**Exercise input**
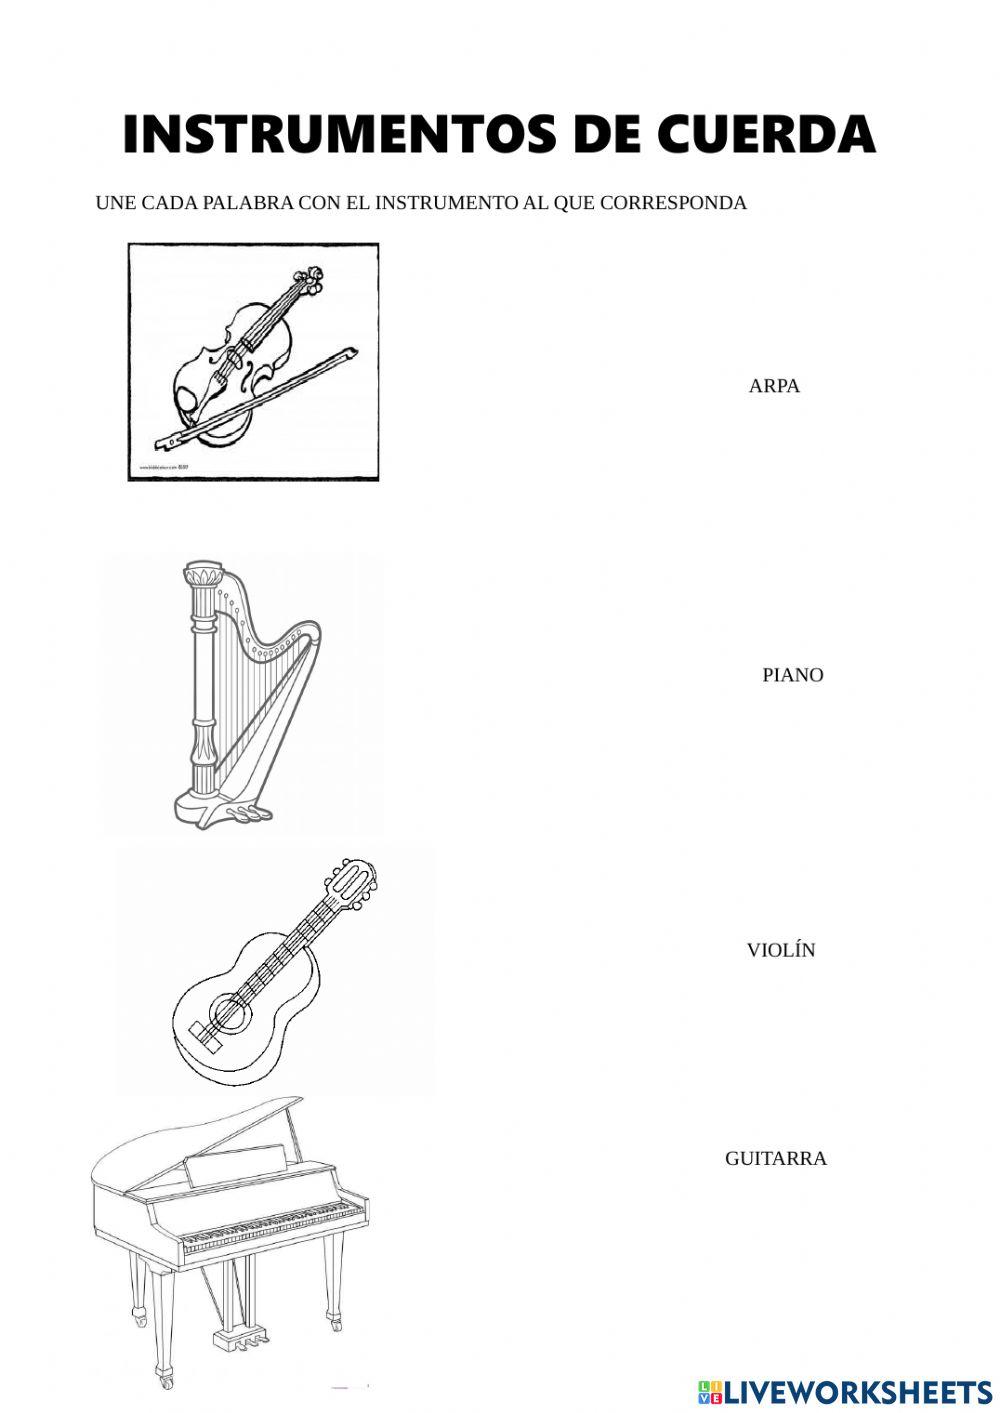 Instrumentos cuerda
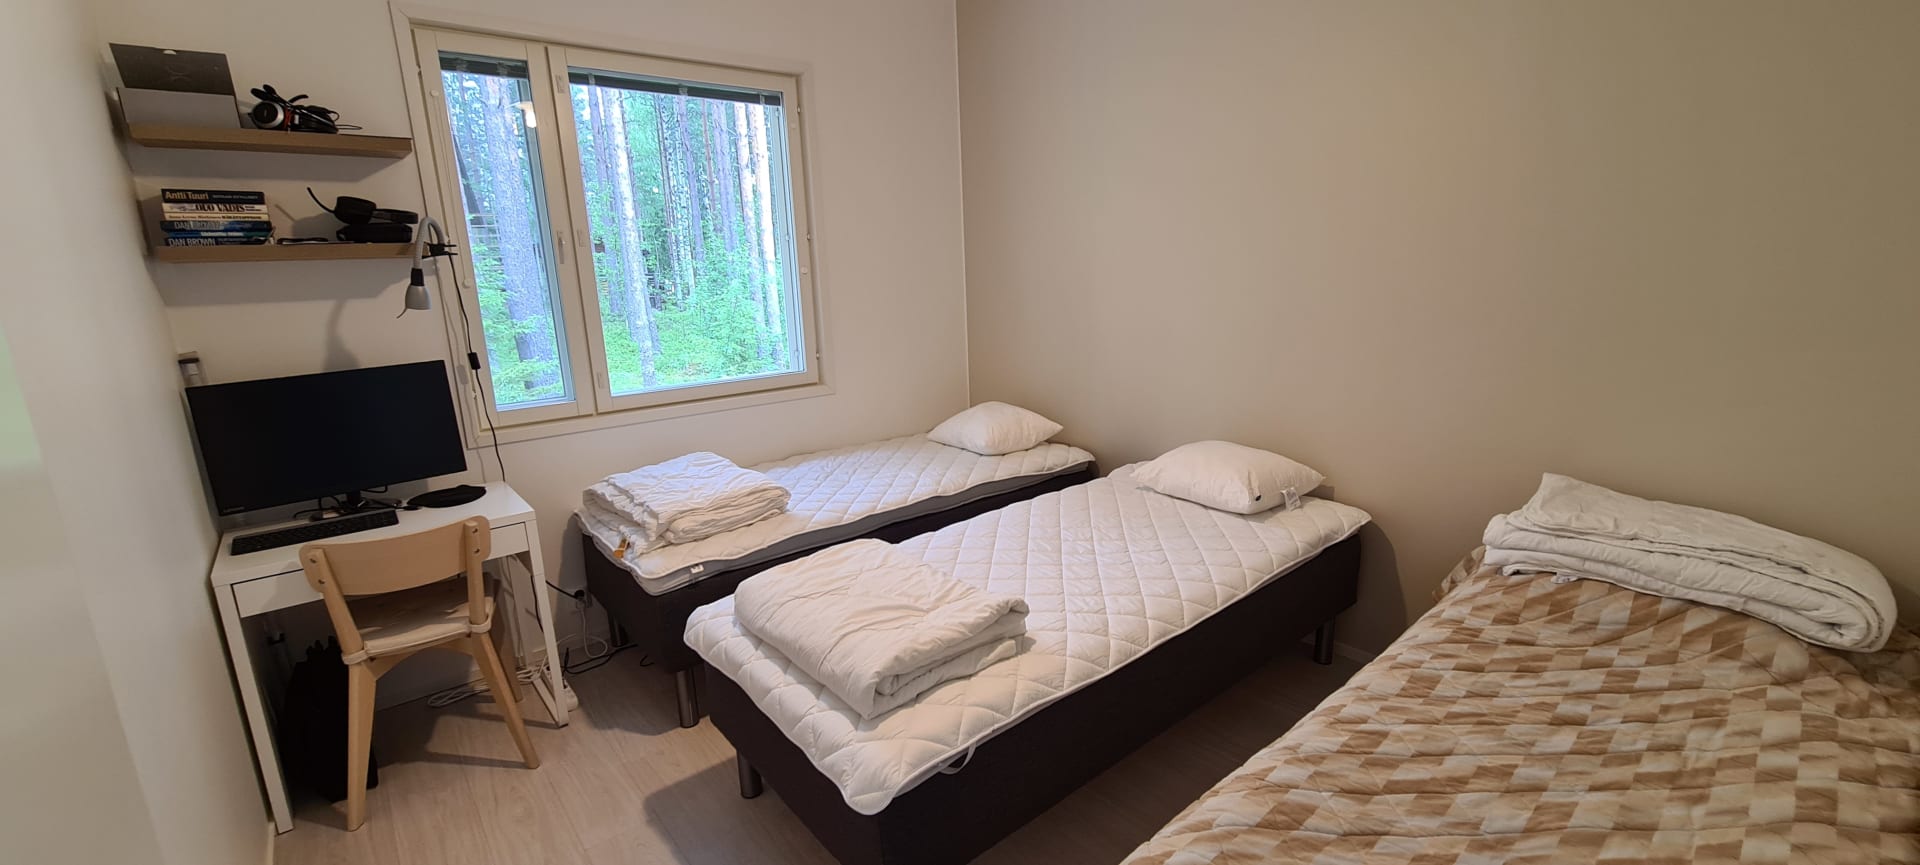 Toinen makuuhuone jossa kaksi 80 x 200 cm laadukasta runkopatjasänkyä ja kolmas 190 x 80 cm sänky
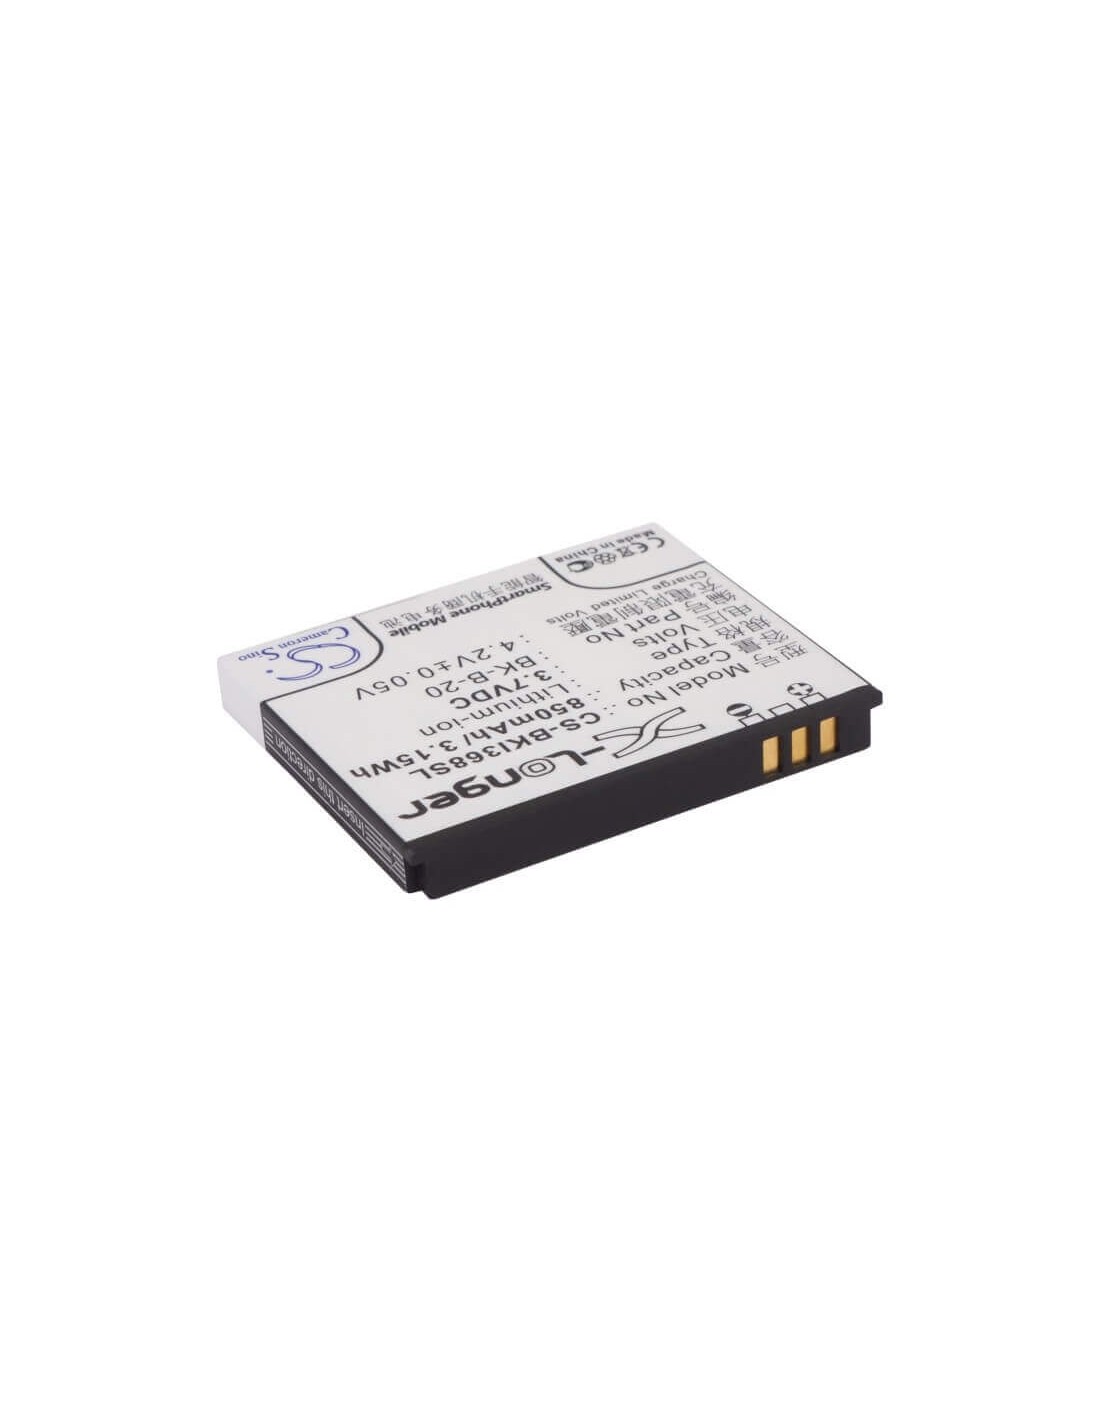 Battery for BBK i389, i388, i368 3.7V, 850mAh - 3.15Wh
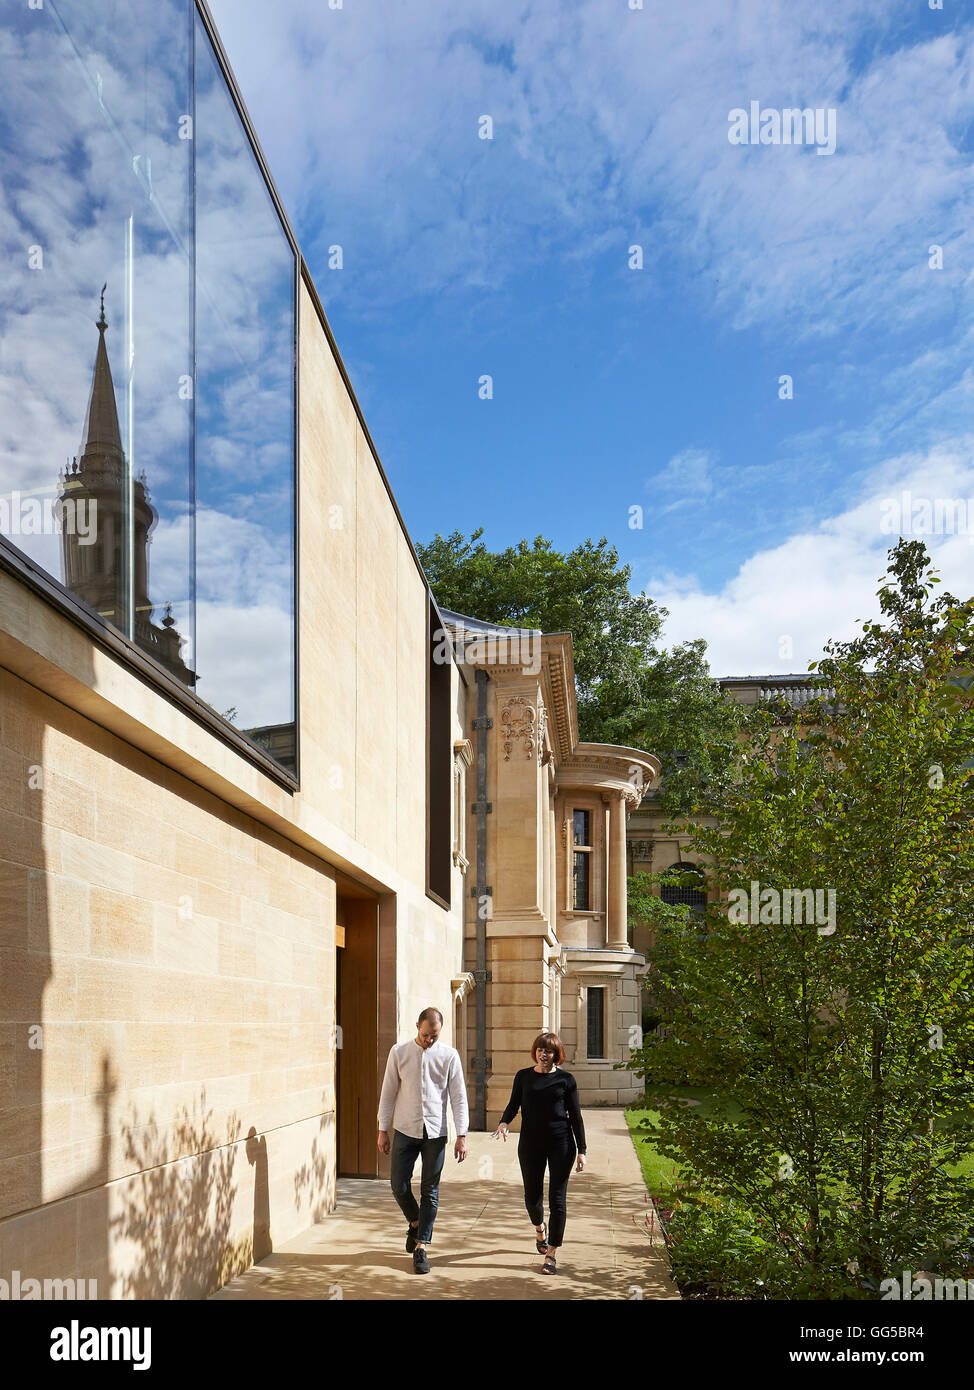 Façade en pierre extérieur le long de la perspective et de vitrage. Le jardin des capacités au Lincoln College, Oxford, Royaume-Uni. Architecte : Stanton Williams, 2015. Banque D'Images
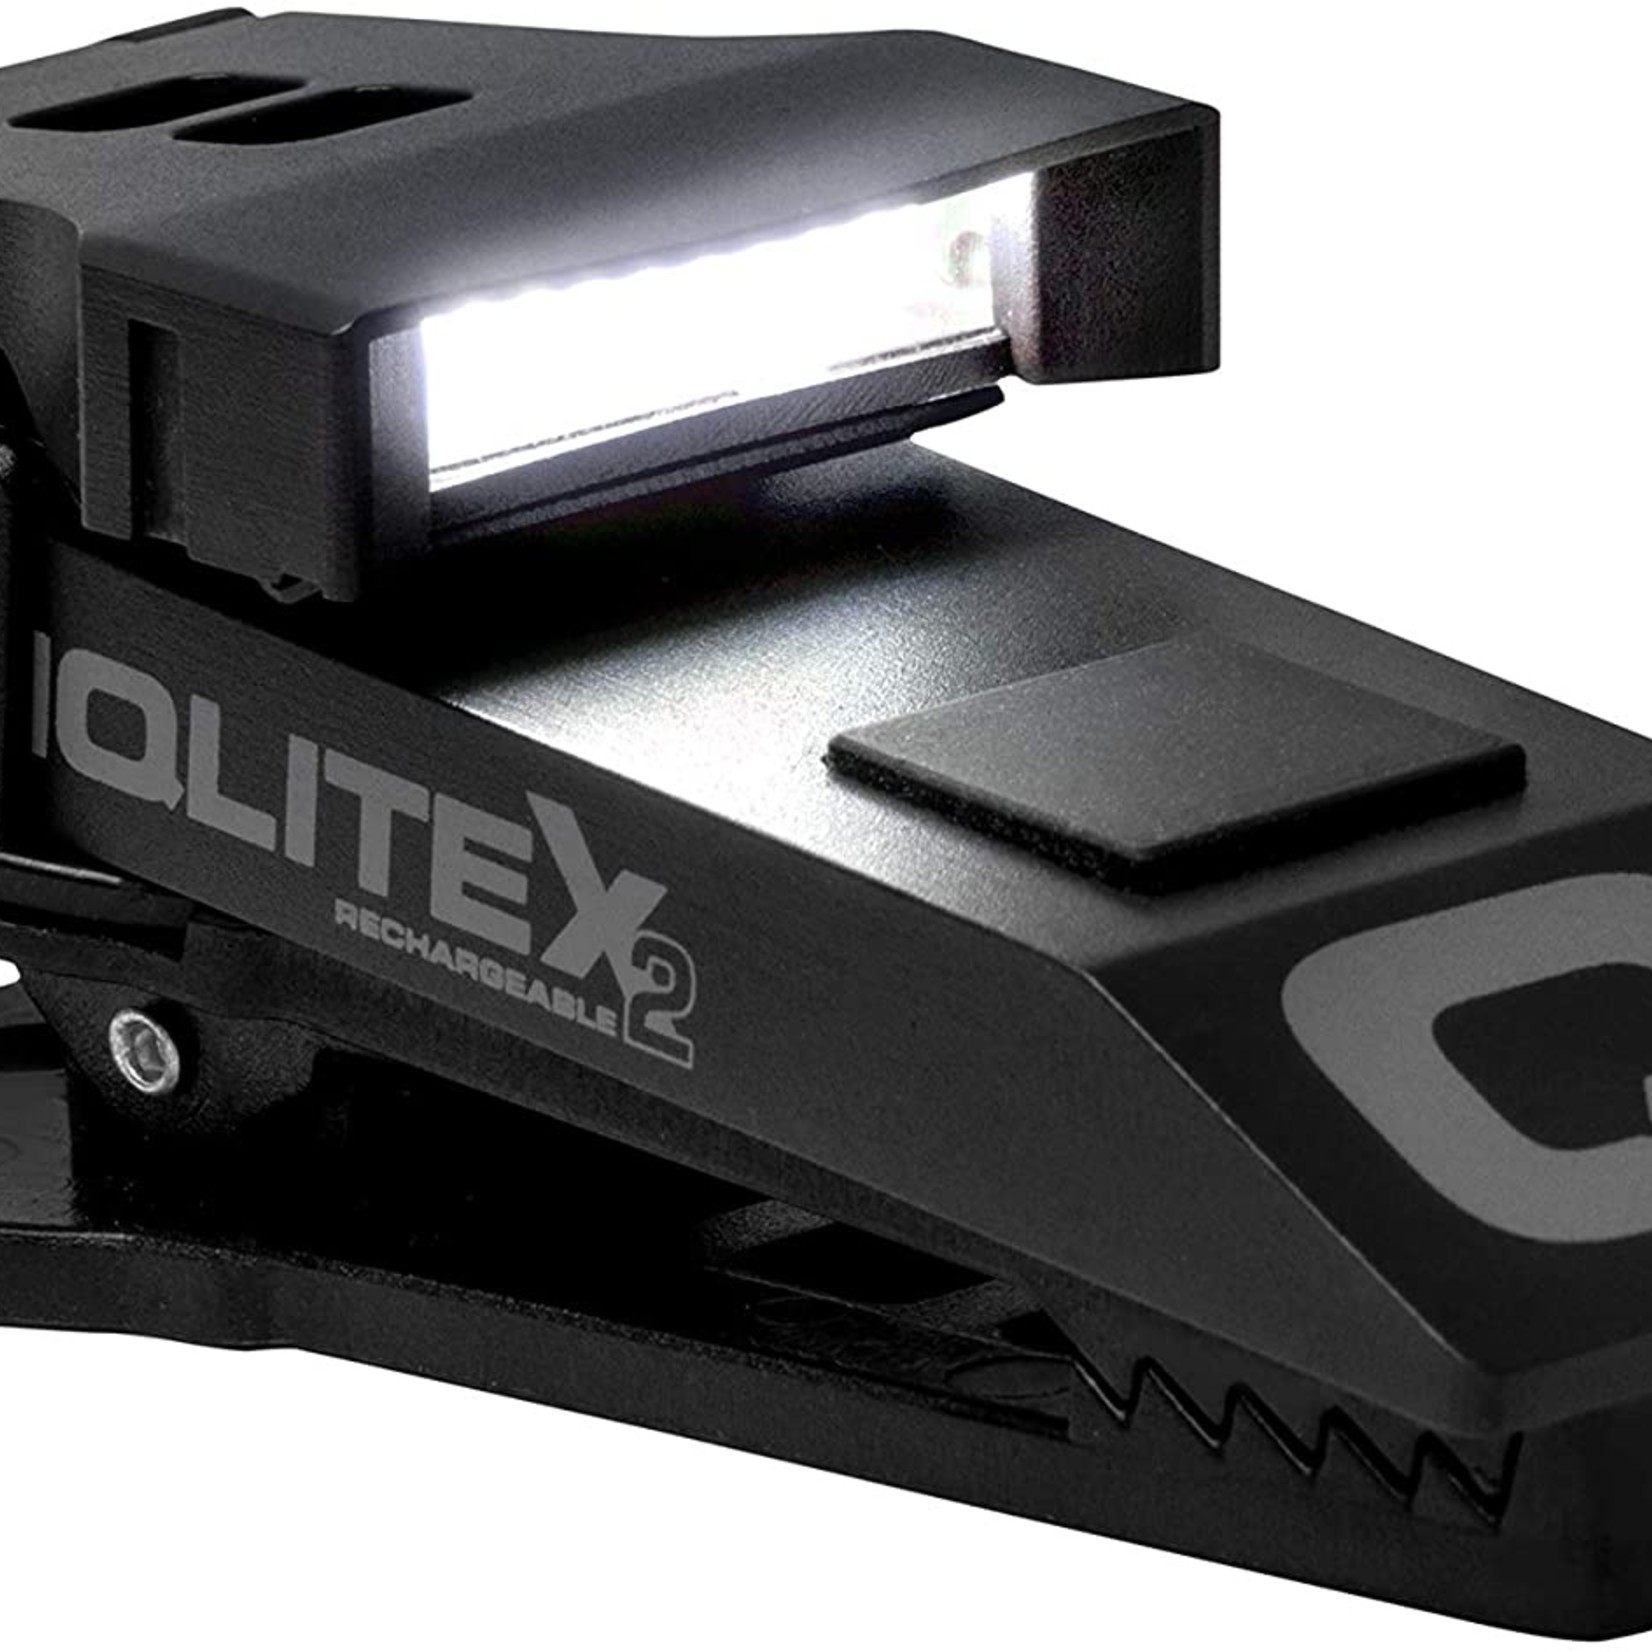 Quiqlite - X2 USB Rechargeable Aluminum Housing - 200L

**Required work**
Set down all of the material word for word, minus its pictures.

**Result of the task**
 Instrumentos cuerda
 Toinen makuuhuone jossa kaksi 80 x 200 cm laadukasta runkopatjasänkyä ja kolmas 190 x 80 cm sänky
 Battery for BBK i389, i388, i368 3.7V, 850mAh - 3.15Wh
 Façade en pierre extérieur le long de la perspective et de vitrage. Le jardin des capacités au Lincoln College, Oxford, Royaume-Uni. Architecte : Stanton Williams, 2015. Banque D'Images
 Quiqlite - X2 USB Rechargeable Aluminum Housing - 200L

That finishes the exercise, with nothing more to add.